2. App de finanças genérico
Os aplicativos de finanças comuns automatizam parte da entrada e mandam alerta de vencimento. Resolvem o lado do dinheiro. Prós: menos digitação, lembrete de conta. Contras: são feitos pra uma pessoa, não pra duas. Eles não entendem que o casal precisa registrar quem pagou o quê, dividir a despesa por pessoa e ainda combinar mercado, documento e manutenção no mesmo lugar. Você acaba com o dinheiro num app e o resto da vida espalhado em outros cinco.
3. Ferramenta feita pra casal
Foi onde a gente parou. A diferença prática é que o app já nasce com dois donos: os dois entram no mesmo espaço, os dois veem tudo, e a divisão por pessoa é parte da estrutura, não uma gambiarra de fórmula. Prós: finanças, mercado e contas no mesmo lugar, com lembrete de vencimento. Contras: ainda exige que você cadastre a despesa (não lê seu extrato do banco sozinho) e custa uma mensalidade. Vou ser honesto: se você quer algo que importe a fatura do cartão automaticamente, isso ainda não existe aqui.
O que eu faço hoje
Hoje a gente usa o Nós Dois. O que me convenceu não foi recurso, foi a parte chata que a planilha nunca deu conta. As contas a pagar têm vencimento e status, então o boleto para de me pegar de surpresa. O mercado guarda o histórico de preço, então eu vejo que o arroz custava R$ 24,90 mês passado e R$ 28,50 agora, coisa que na planilha eu nunca tive paciência de registrar. E a parte de finanças separa despesa por pessoa de fábrica, sem eu precisar manter fórmula nenhuma.
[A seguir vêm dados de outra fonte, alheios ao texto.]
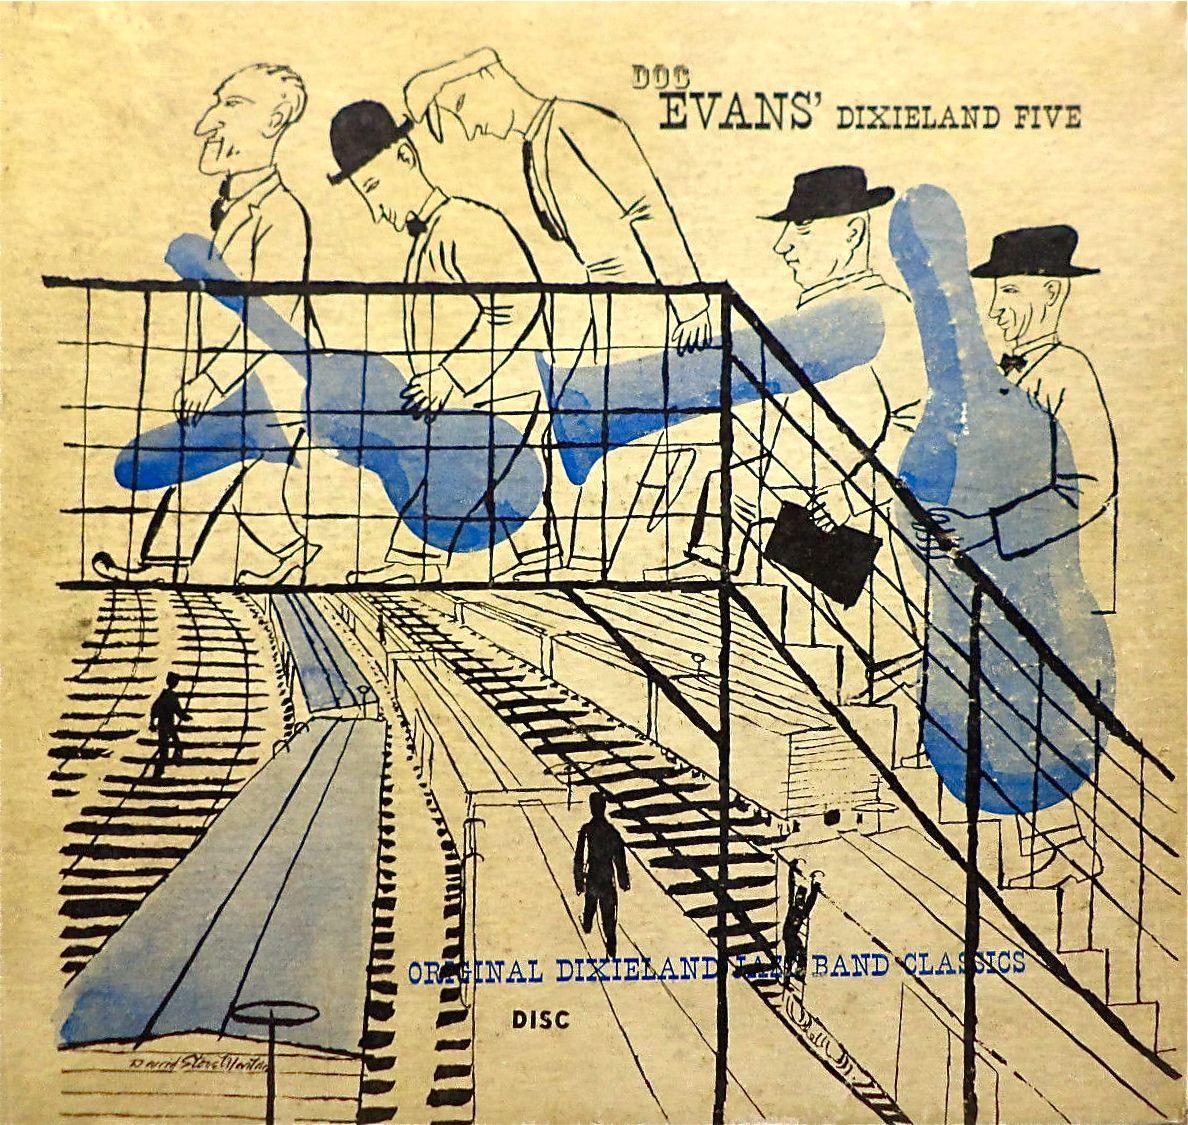 Doc Evans' Dixieland Five- Original Dixieland Jazz Band Classics, label: Disc (1947) Design: David Stone Martin.
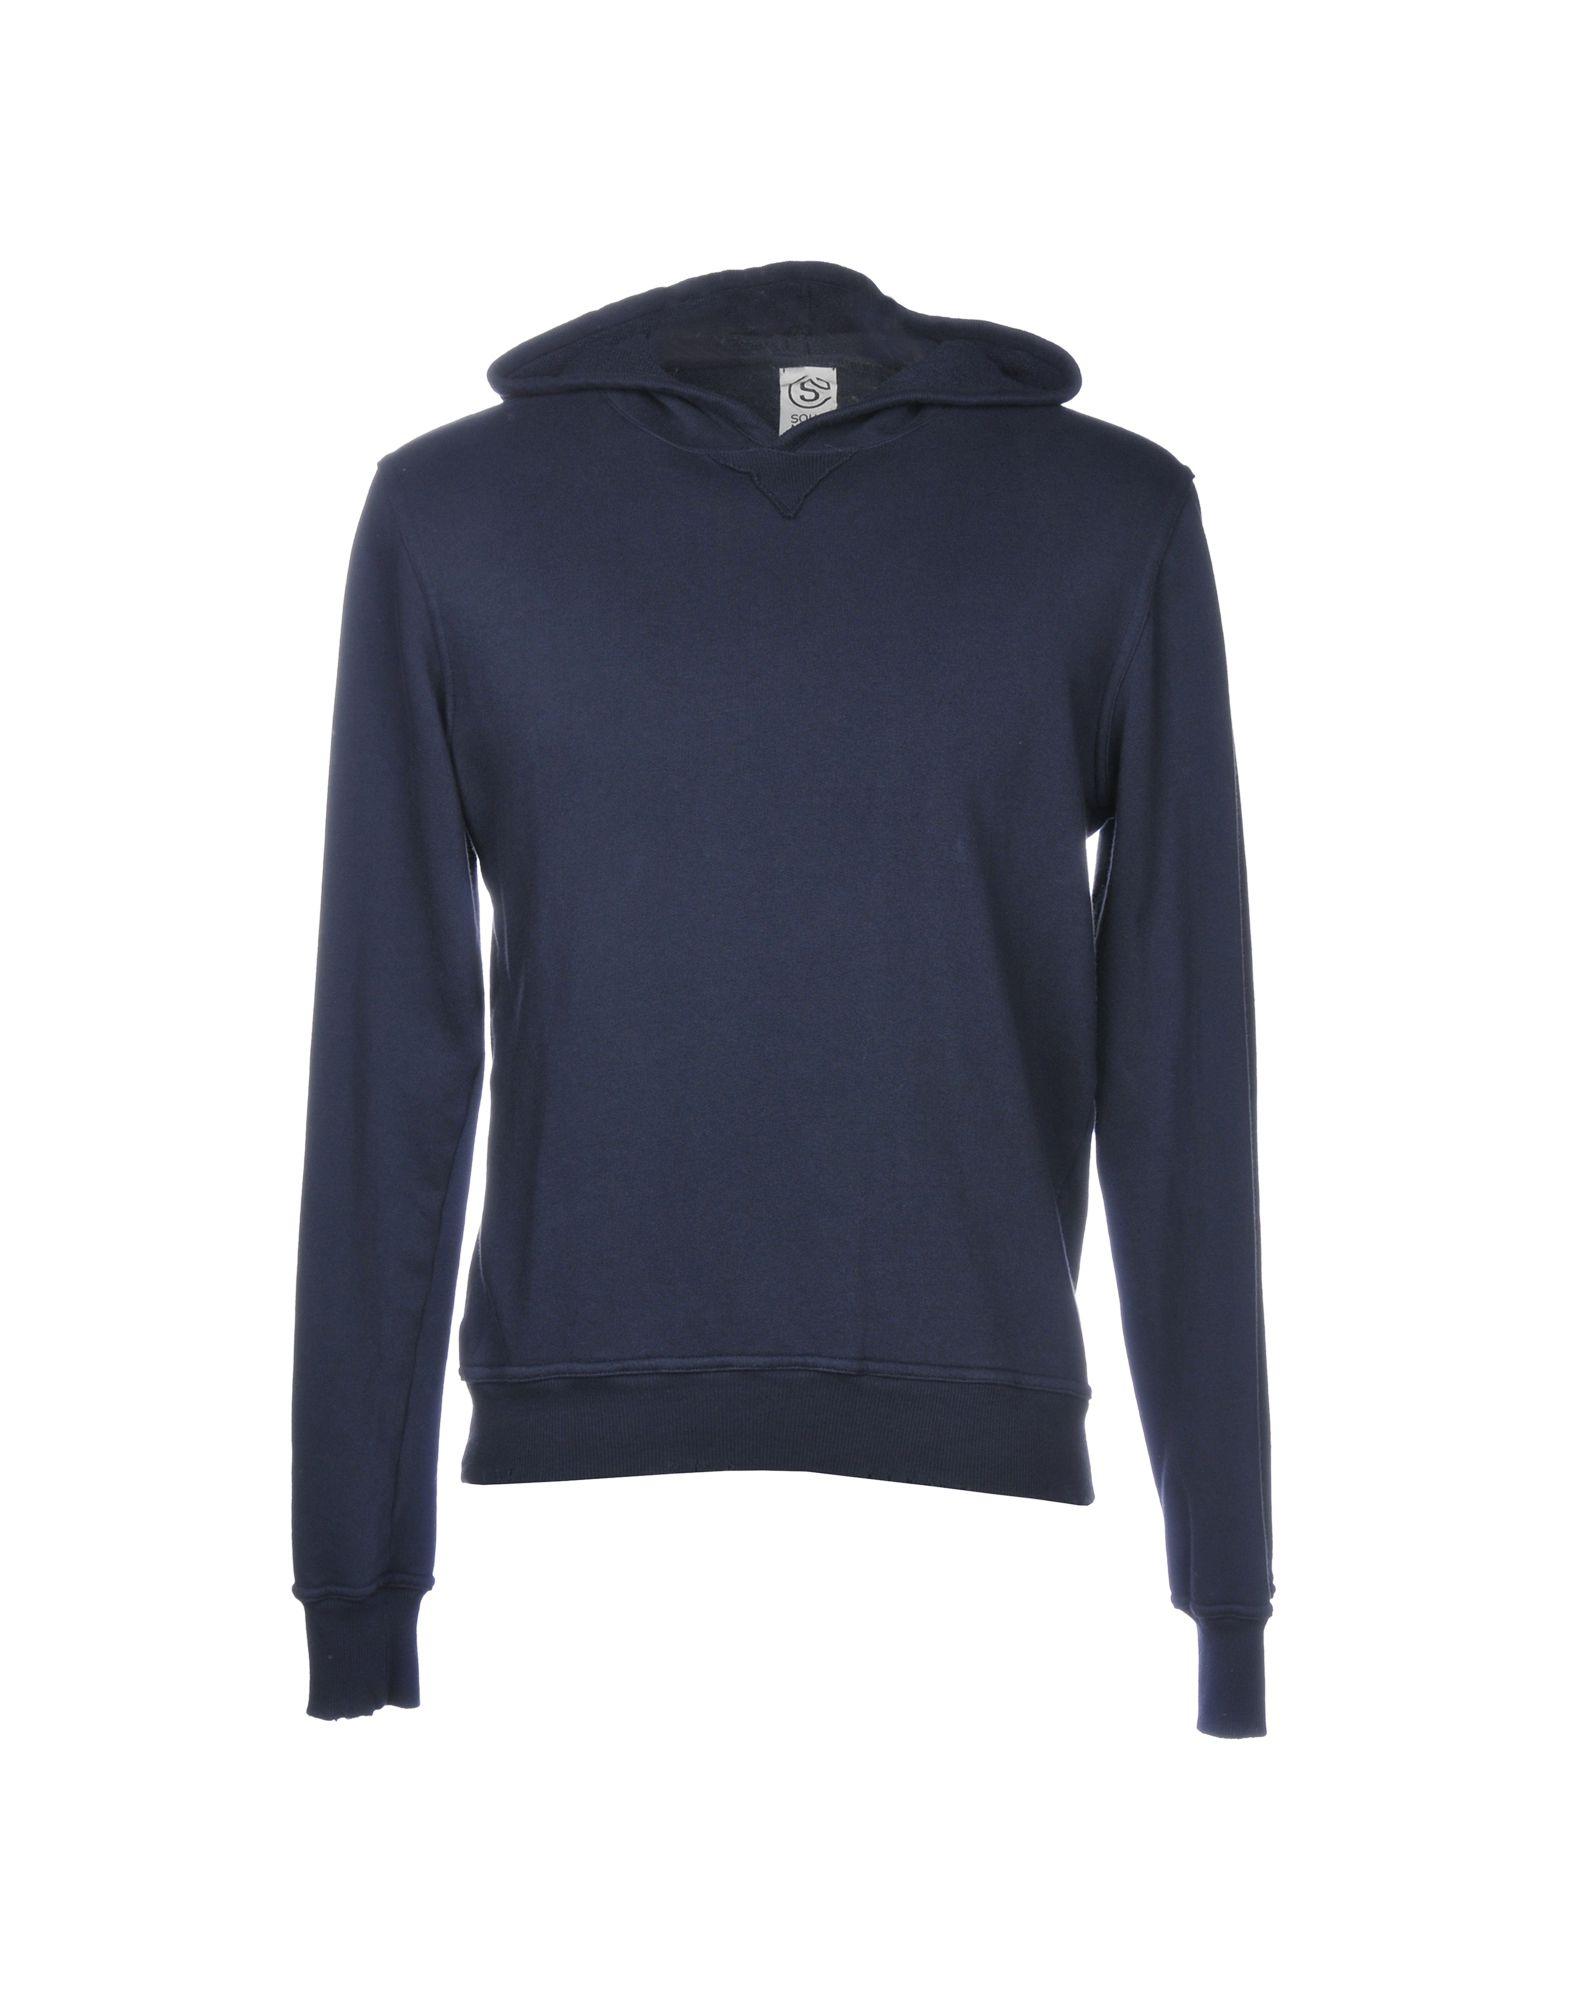 SOHO Hooded Sweatshirt in Dark Blue

Não virou mágica. Eu ainda cadastro despesa na mão, ainda tem mês que a gente atrasa o registro. A diferença é que quando a gente esquece, a ferramenta cobra de volta com o vencimento à vista. A planilha nunca cobrou nada de ninguém.
Seu próximo passo de 5 minutos
Não precisa migrar nada hoje. Faça só isto: abra sua planilha atual e olhe a data da última edição. Se faz mais de duas semanas que ninguém toca, ela já morreu, você só não enterrou. Anote numa nota do celular as três coisas que mais doeram de perder por causa disso: foi multa de boleto? Foi briga de "quem pagou"? Foi mercado que saiu mais caro sem ninguém notar? Essas três dores são o seu critério de escolha. Qualquer ferramenta nova só vale se resolver elas, e não se tiver o gráfico mais bonito.